[Dataset records]:
++++++++++++++++++++
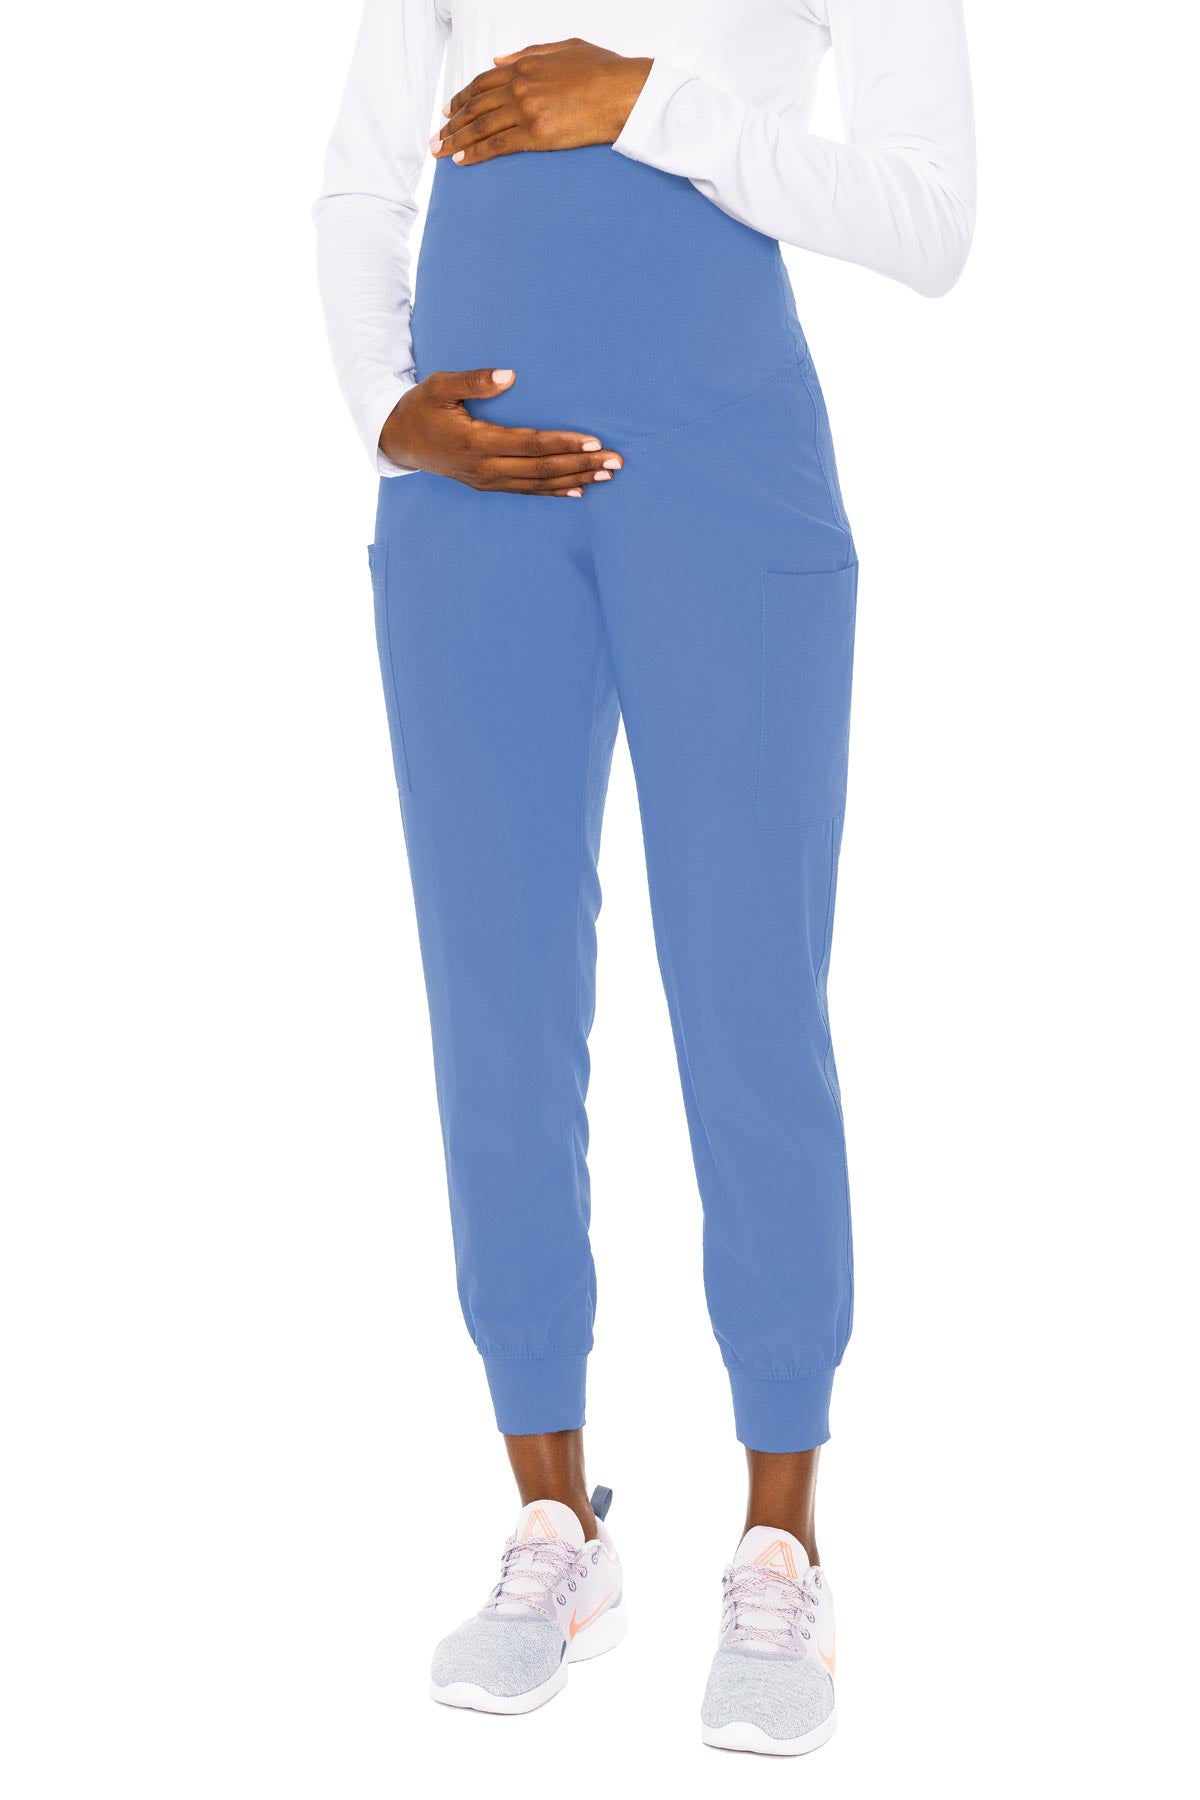 Med Couture Activate 8727 Maternity Pant
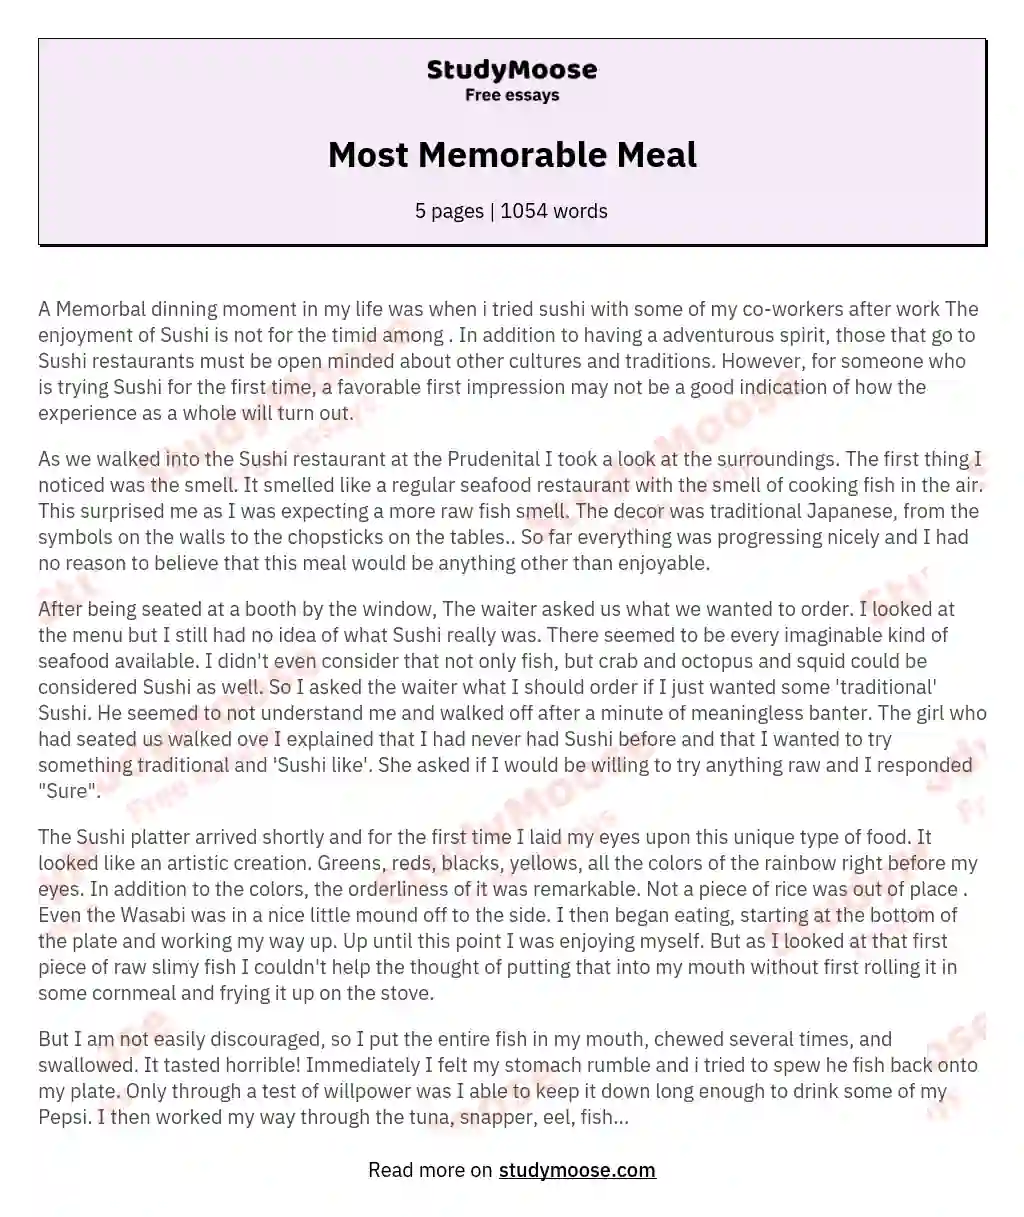 Most Memorable Meal
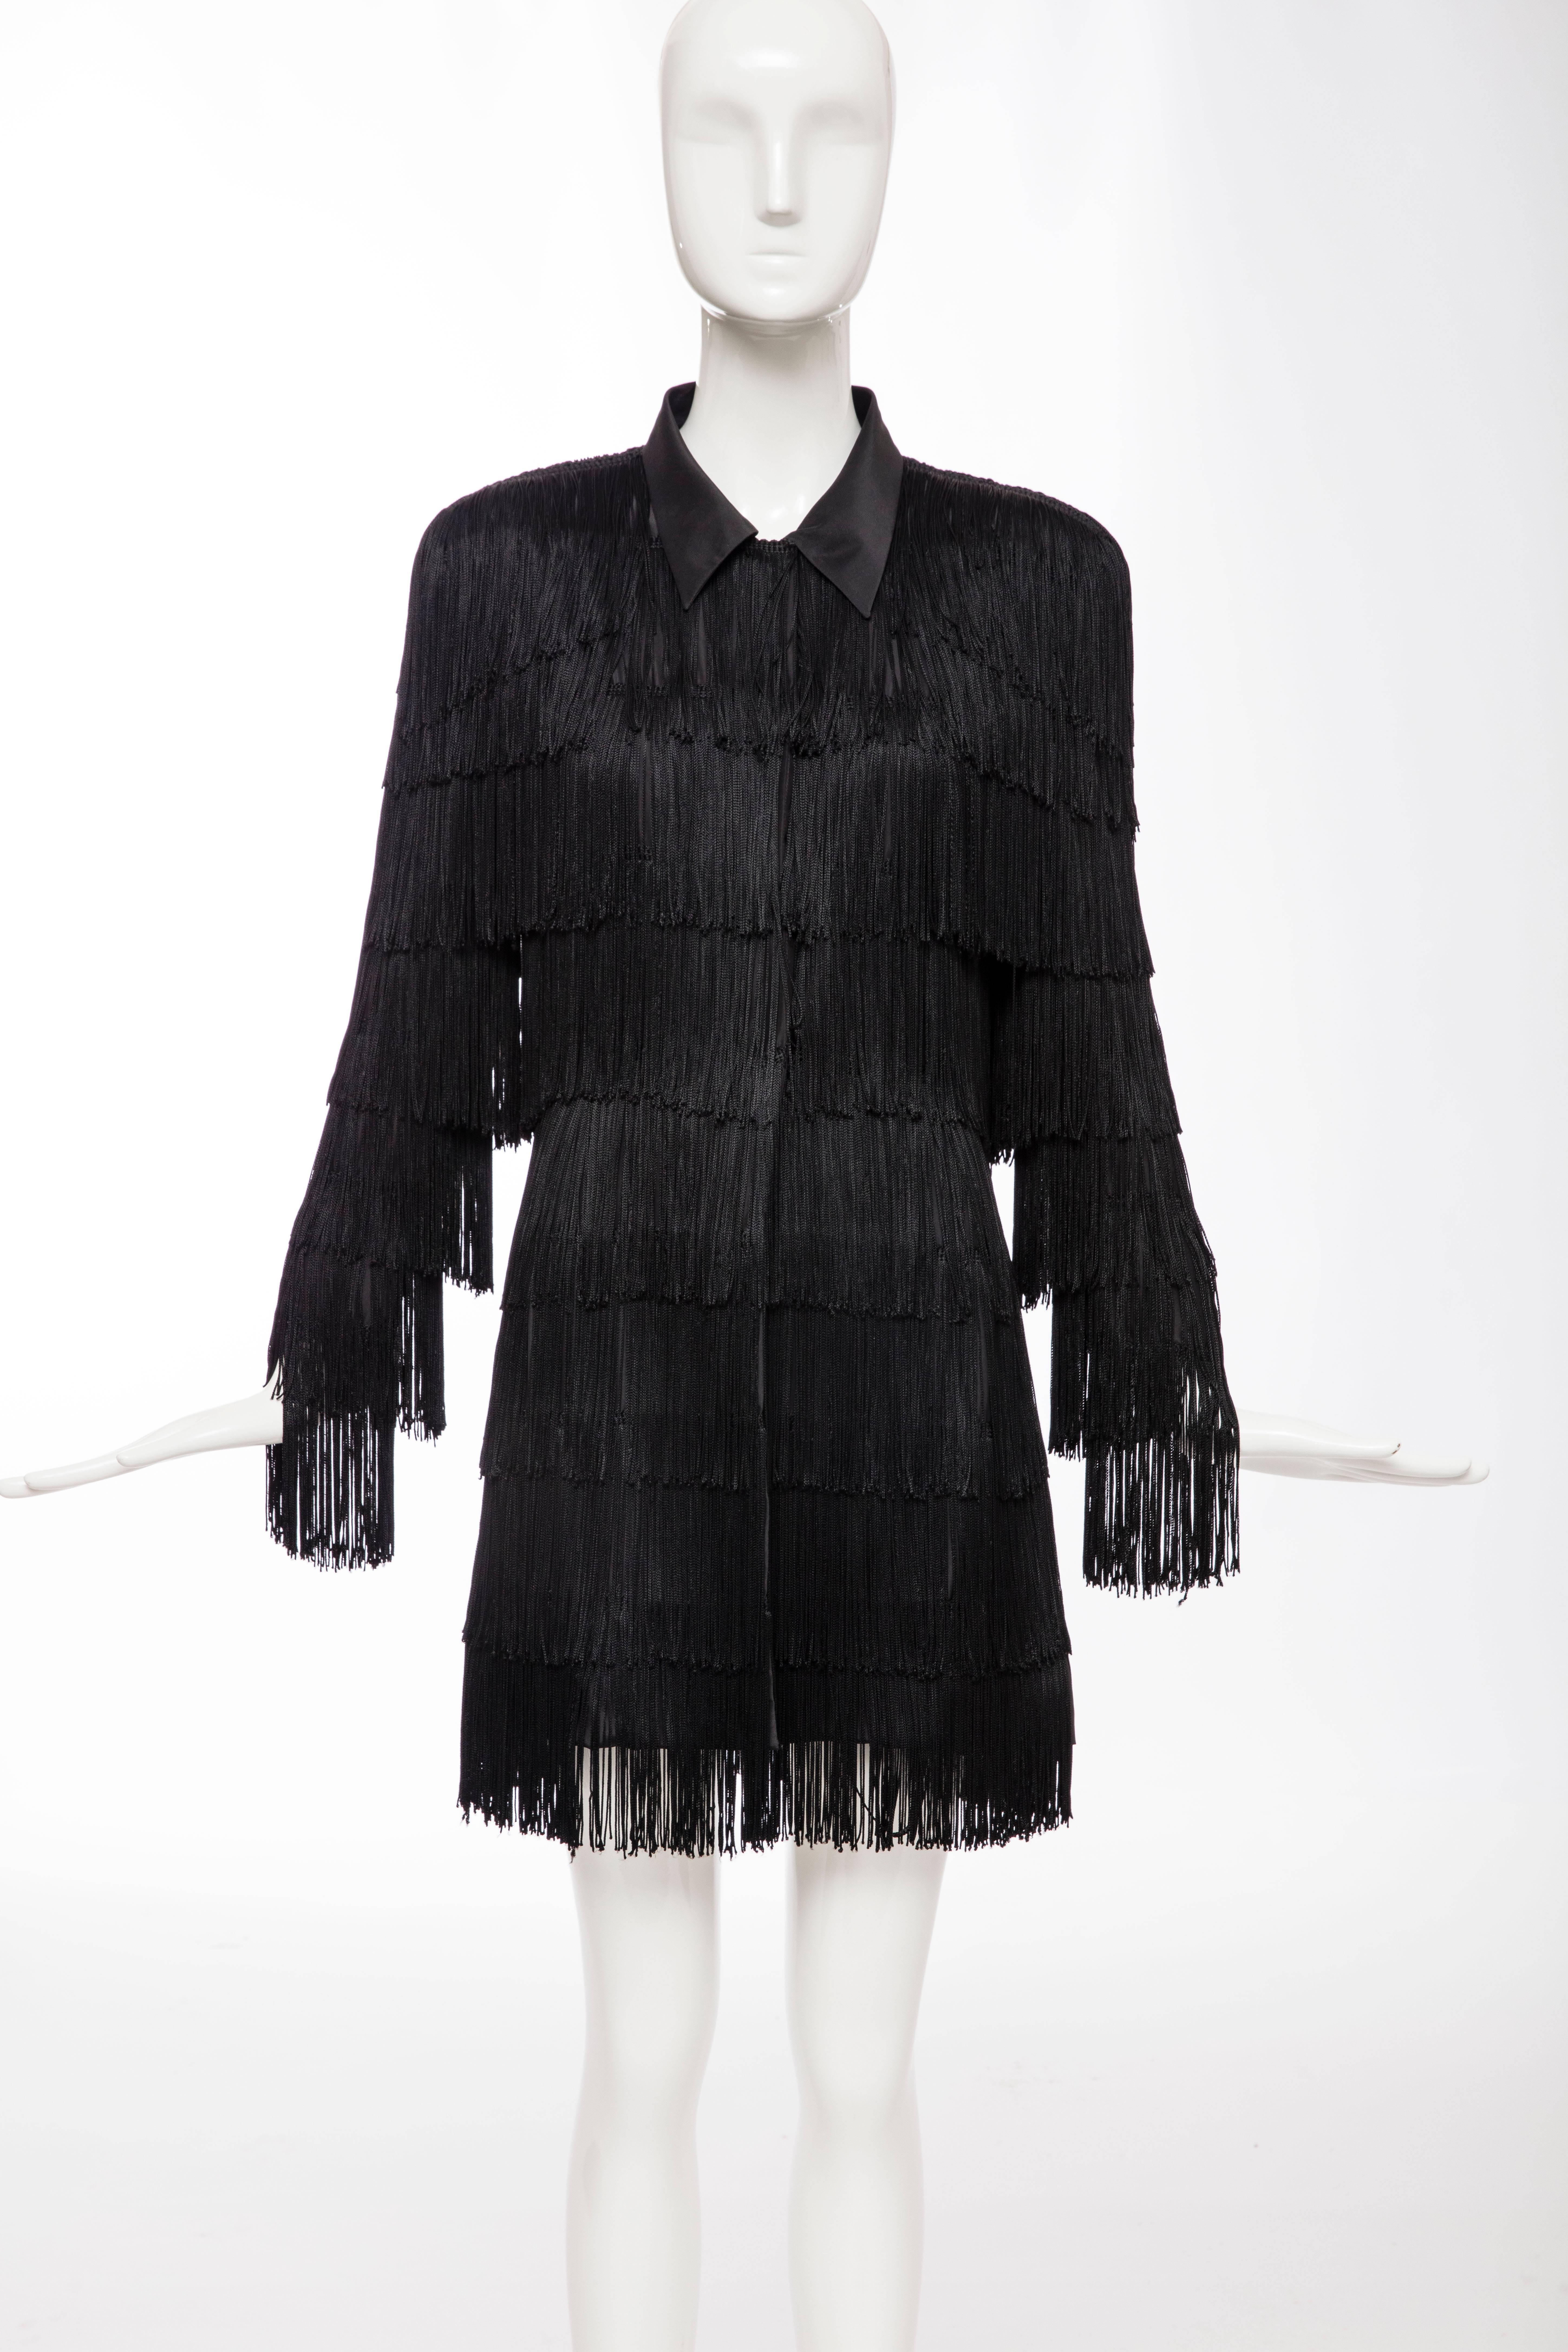 Norma Kamali OMO, circa 1980's, black fringe long jacket with front hidden button placket and hook-and-eye closure, shoulder pads and fully lined.

US. 6

Bust 38, Waist 32, Hips 38, Length 33.5
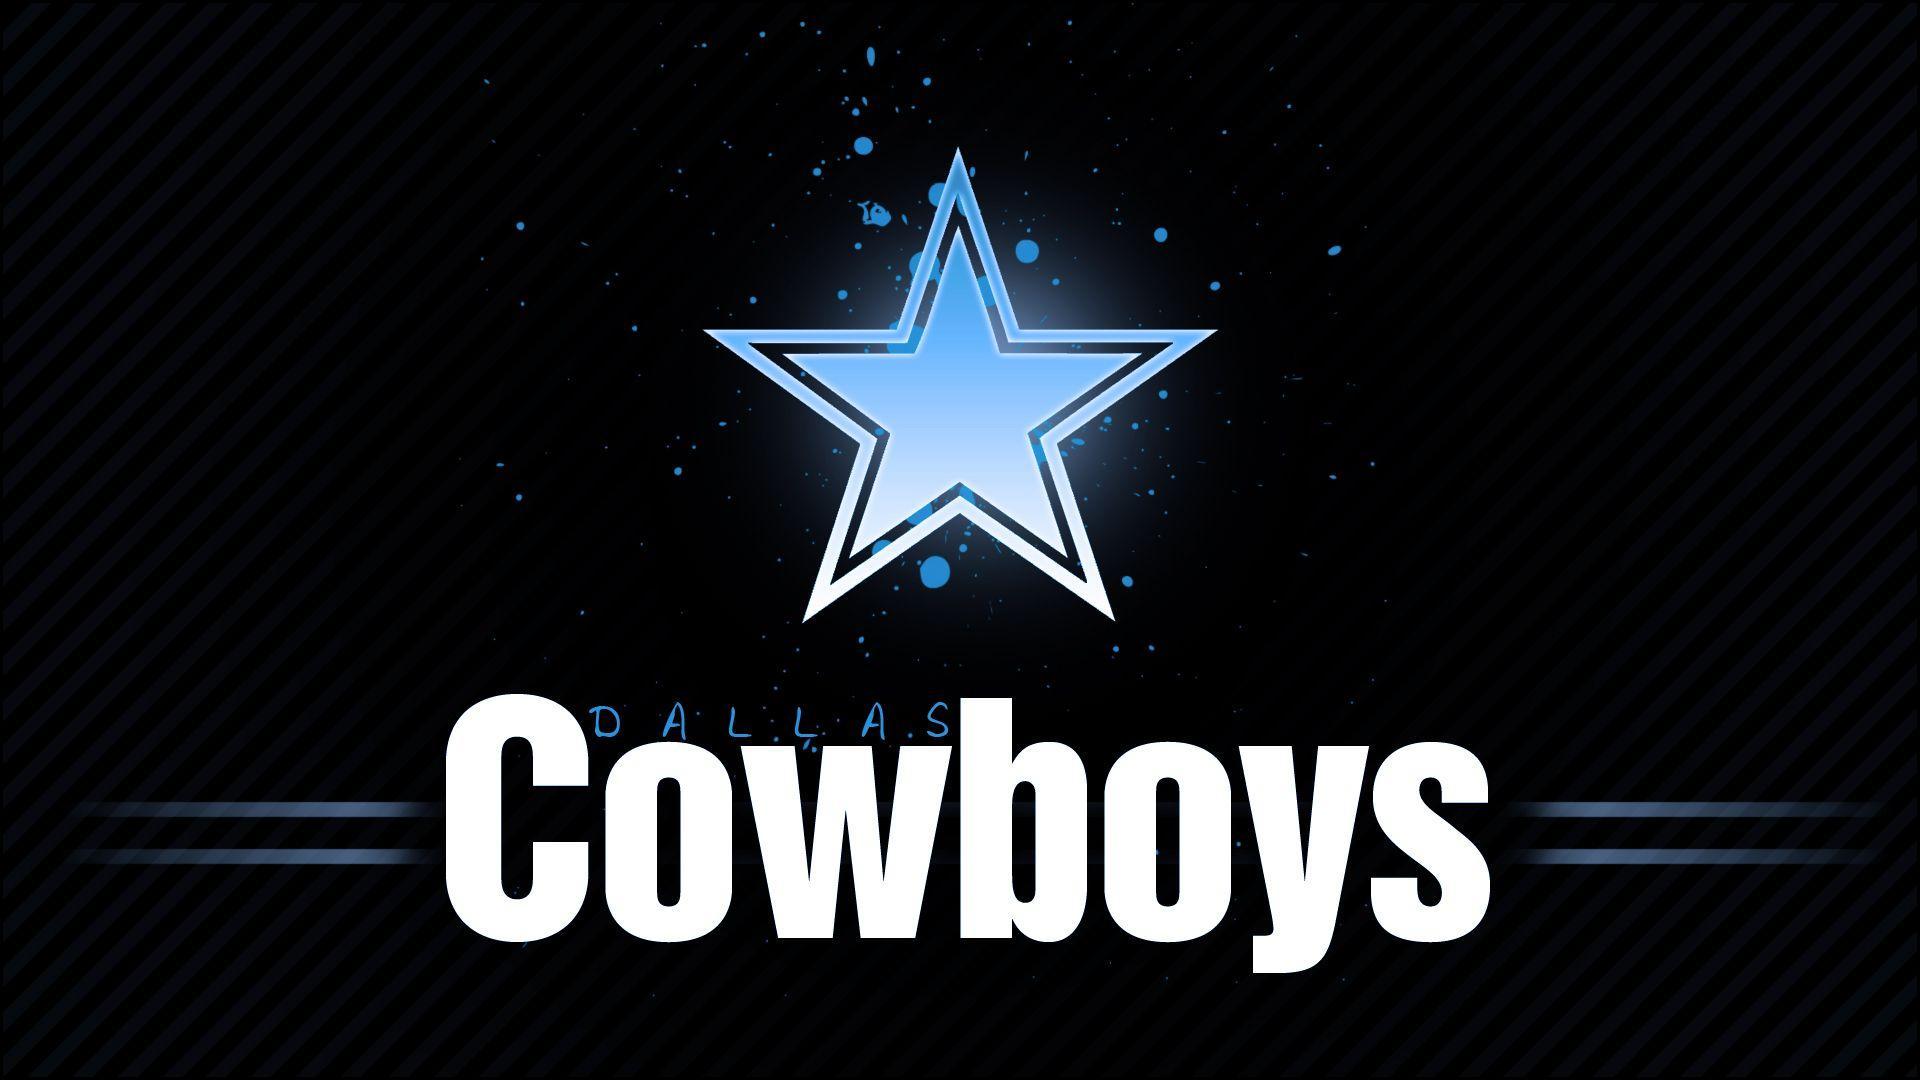 Dallas Cowboys Wallpapers, Pictures, Image
++++++++++++++++++++
Transcribe every entry word for word, excluding images.

[Solution for this problem]:
 Med Couture Activate 8727 Maternity Pant
 Most Memorable Meal
 Norma Kamali OMO, circa 1980's, black fringe long jacket with front hidden button placket and hook-and-eye closure, shoulder pads and fully lined.

US. 6

Bust 38, Waist 32, Hips 38, Length 33.5
 Dallas Cowboys Wallpapers, Pictures, Image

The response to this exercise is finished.